## Provided material
---
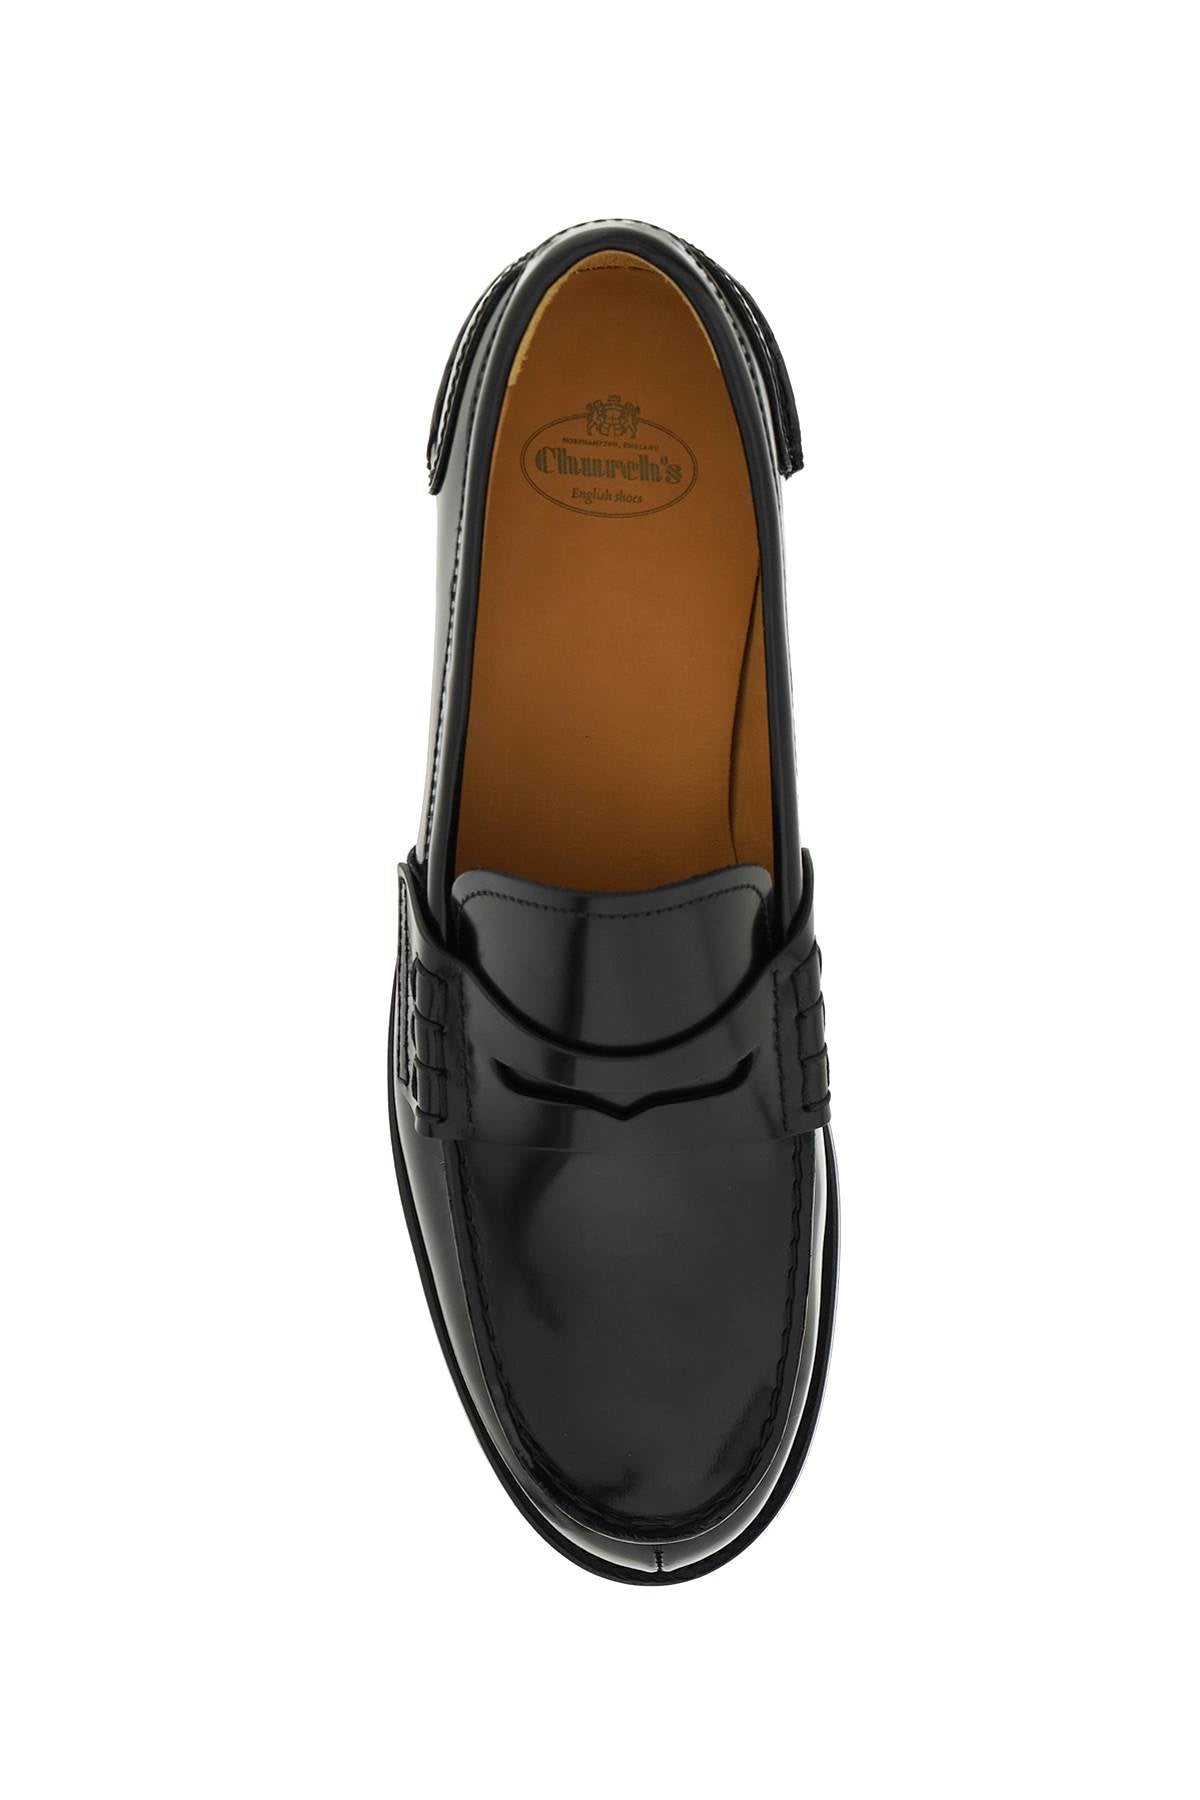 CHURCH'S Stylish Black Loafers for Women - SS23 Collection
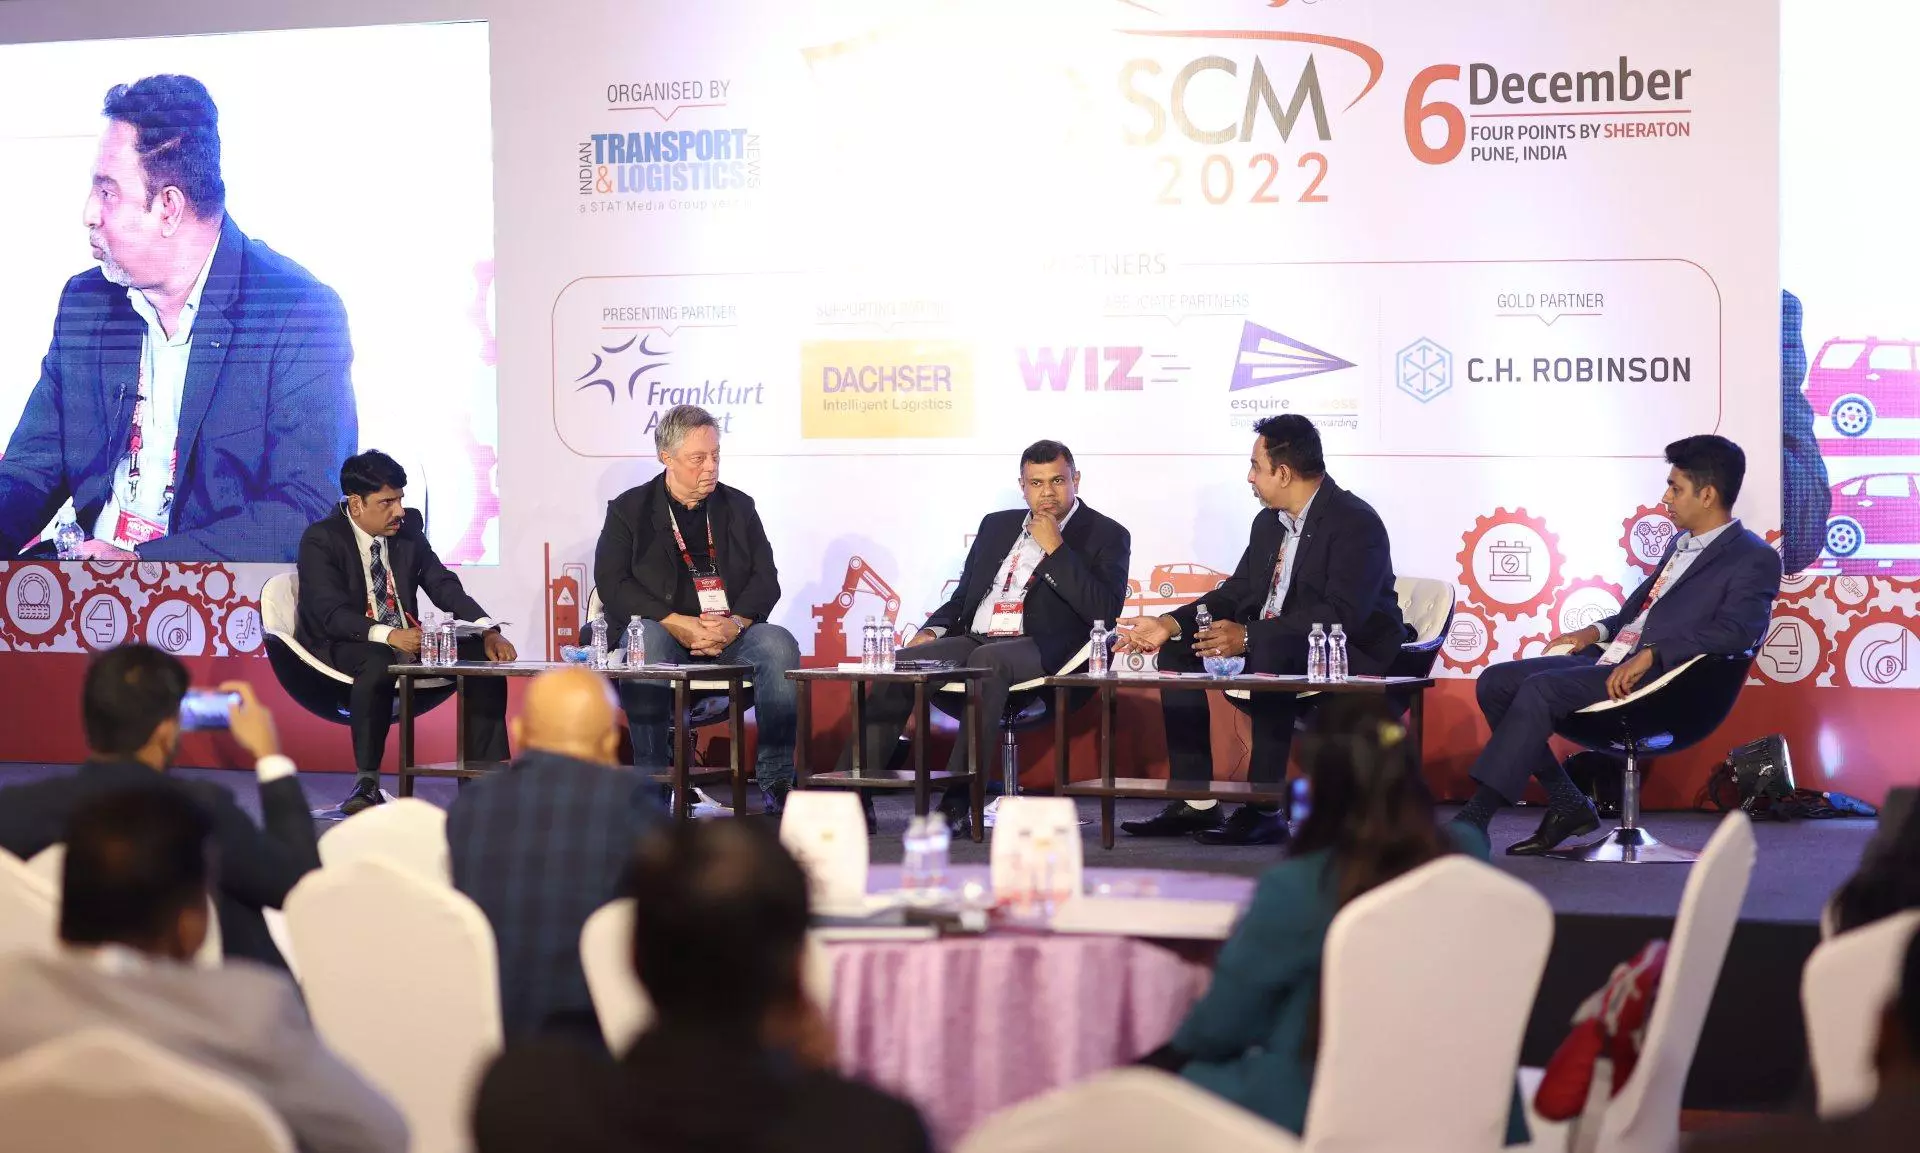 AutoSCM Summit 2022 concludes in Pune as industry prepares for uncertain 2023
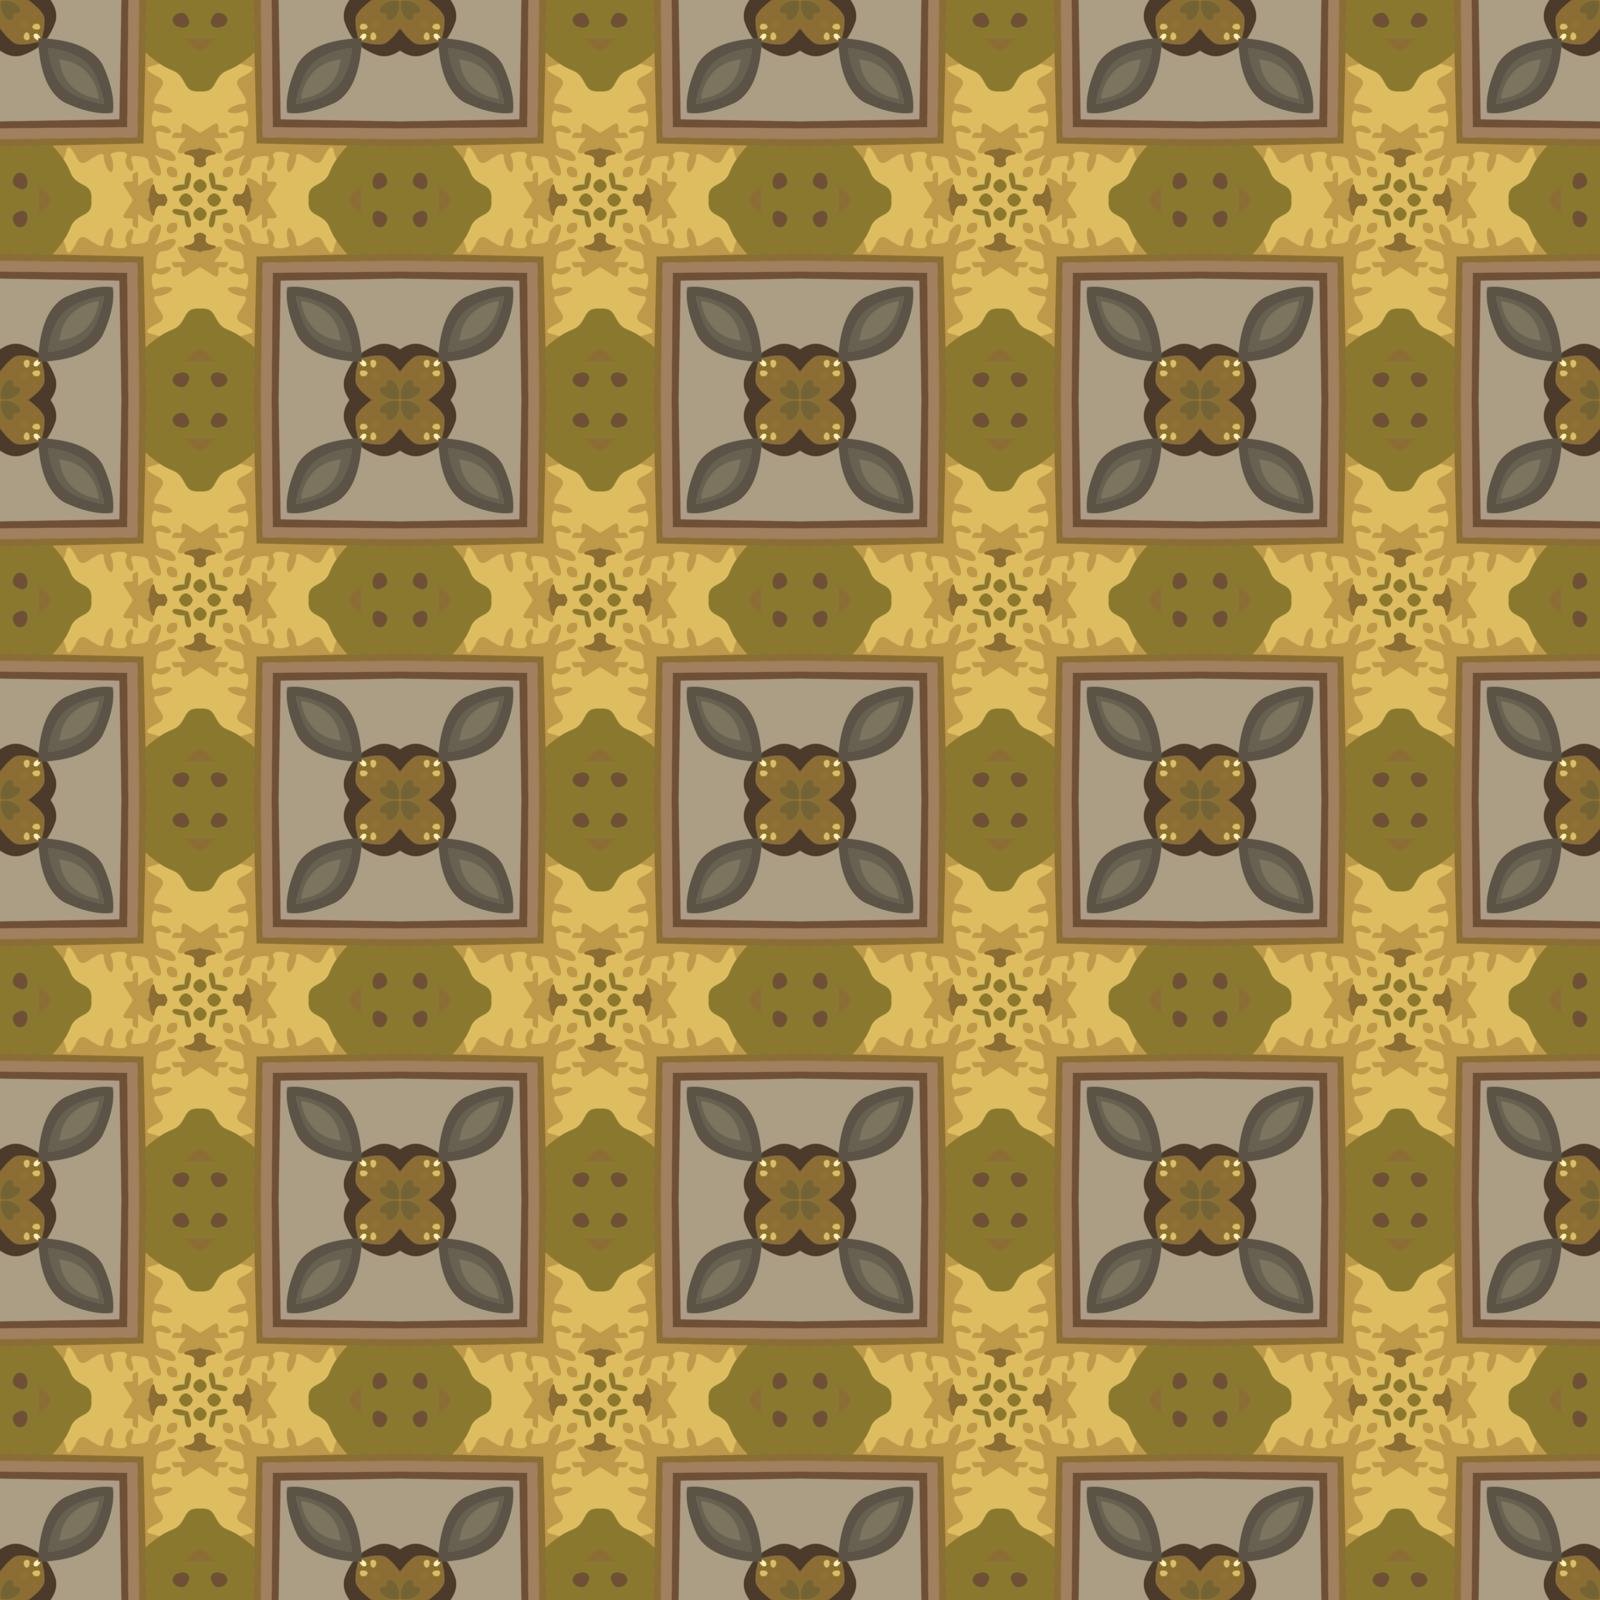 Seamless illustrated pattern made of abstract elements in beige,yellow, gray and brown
---
## Instructions for the task
Restate the whole listing exactly as written, minus the pictures.

## Exercise response
 CHURCH'S Stylish Black Loafers for Women - SS23 Collection
 AutoSCM Summit 2022 concludes in Pune as industry prepares for uncertain 2023
 Seamless illustrated pattern made of abstract elements in beige,yellow, gray and brown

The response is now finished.